75

How do I create an index on the date part of DATETIME field?

mysql> SHOW COLUMNS FROM transactionlist;
+-------------------+------------------+------+-----+---------+----------------+
| Field             | Type             | Null | Key | Default | Extra          |
+-------------------+------------------+------+-----+---------+----------------+
| TransactionNumber | int(10) unsigned | NO   | PRI | NULL    | auto_increment |
| WagerId           | int(11)          | YES  | MUL | 0       |                |
| TranNum           | int(11)          | YES  | MUL | 0       |                |
| TranDateTime      | datetime         | NO   |     | NULL    |                |
| Amount            | double           | YES  |     | 0       |                |
| Action            | smallint(6)      | YES  |     | 0       |                |
| Uid               | int(11)          | YES  |     | 1       |                |
| AuthId            | int(11)          | YES  |     | 1       |                |
+-------------------+------------------+------+-----+---------+----------------+
8 rows in set (0.00 sec)

TranDateTime is used to save the date and time of a transaction as it happens

My Table has over 1,000,000 records in it and the statement

SELECT * FROM transactionlist where date(TranDateTime) = '2008-08-17' 

takes a long time.

EDIT:

Have a look at this blog post on "Why MySQL’s DATETIME can and should be avoided"

fancyPants
  • 50,732
  • 33
  • 89
  • 96
Charles Faiga
  • 11,665
  • 25
  • 102
  • 139
  • 7
    warning comment for the link you suggested a look: The post is written with such an excitement and rage that it almost borders on the point of childishness.
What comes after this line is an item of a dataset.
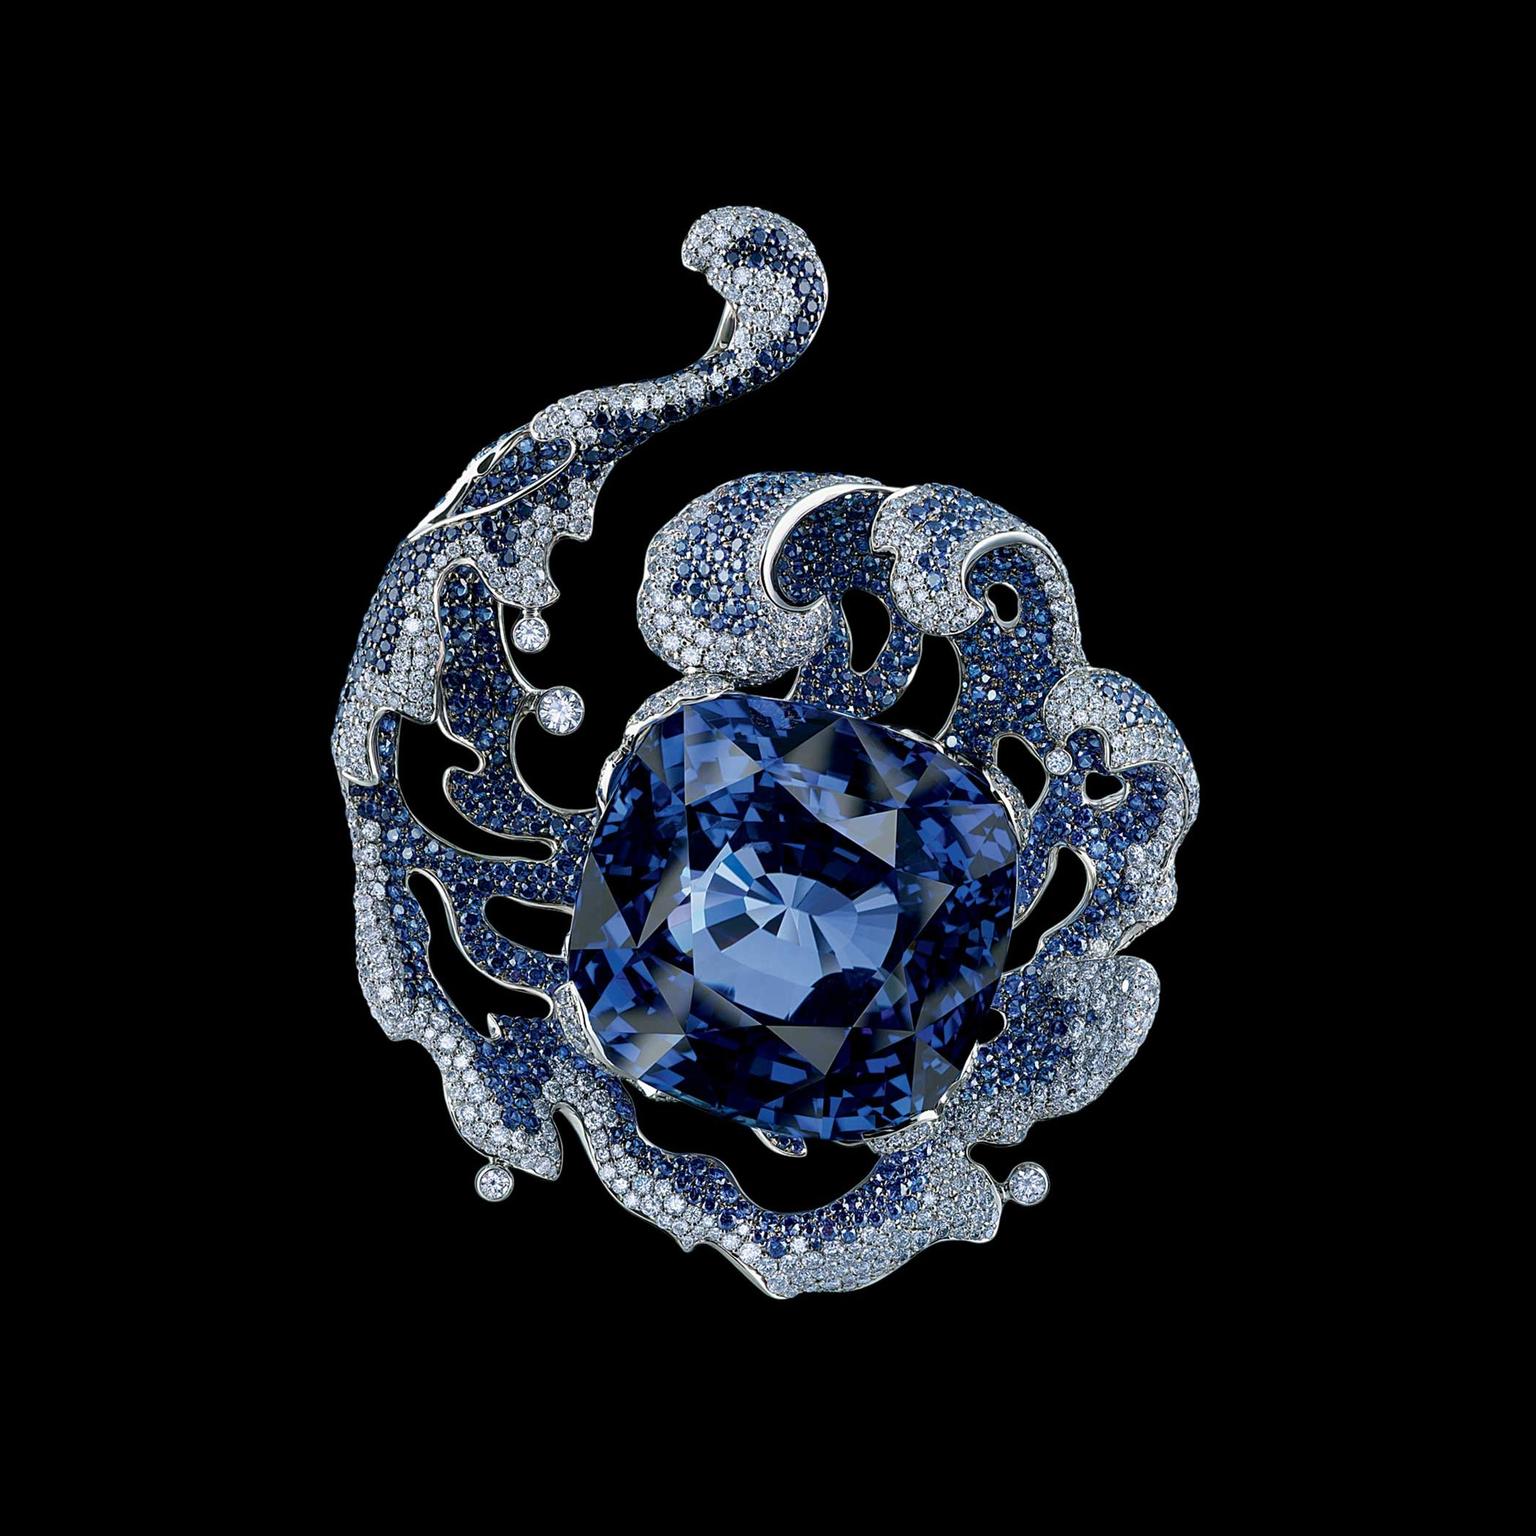 Maxim V Elements pendant with 100t cushion-cut sapphire

And the writer is not beating back any criticism , while still mentioning that he stands behind what he said , yet his point is falling slender with each. But still , not a waste of time, if you read the comments. – kommradHomer Jan 24 '13 at 10:05

13 Answers13

72

If I remember correctly, that will run a whole table scan because you're passing the column through a function. MySQL will obediently run the function for each and every column, bypassing the index since the query optimizer can't really know the results of the function.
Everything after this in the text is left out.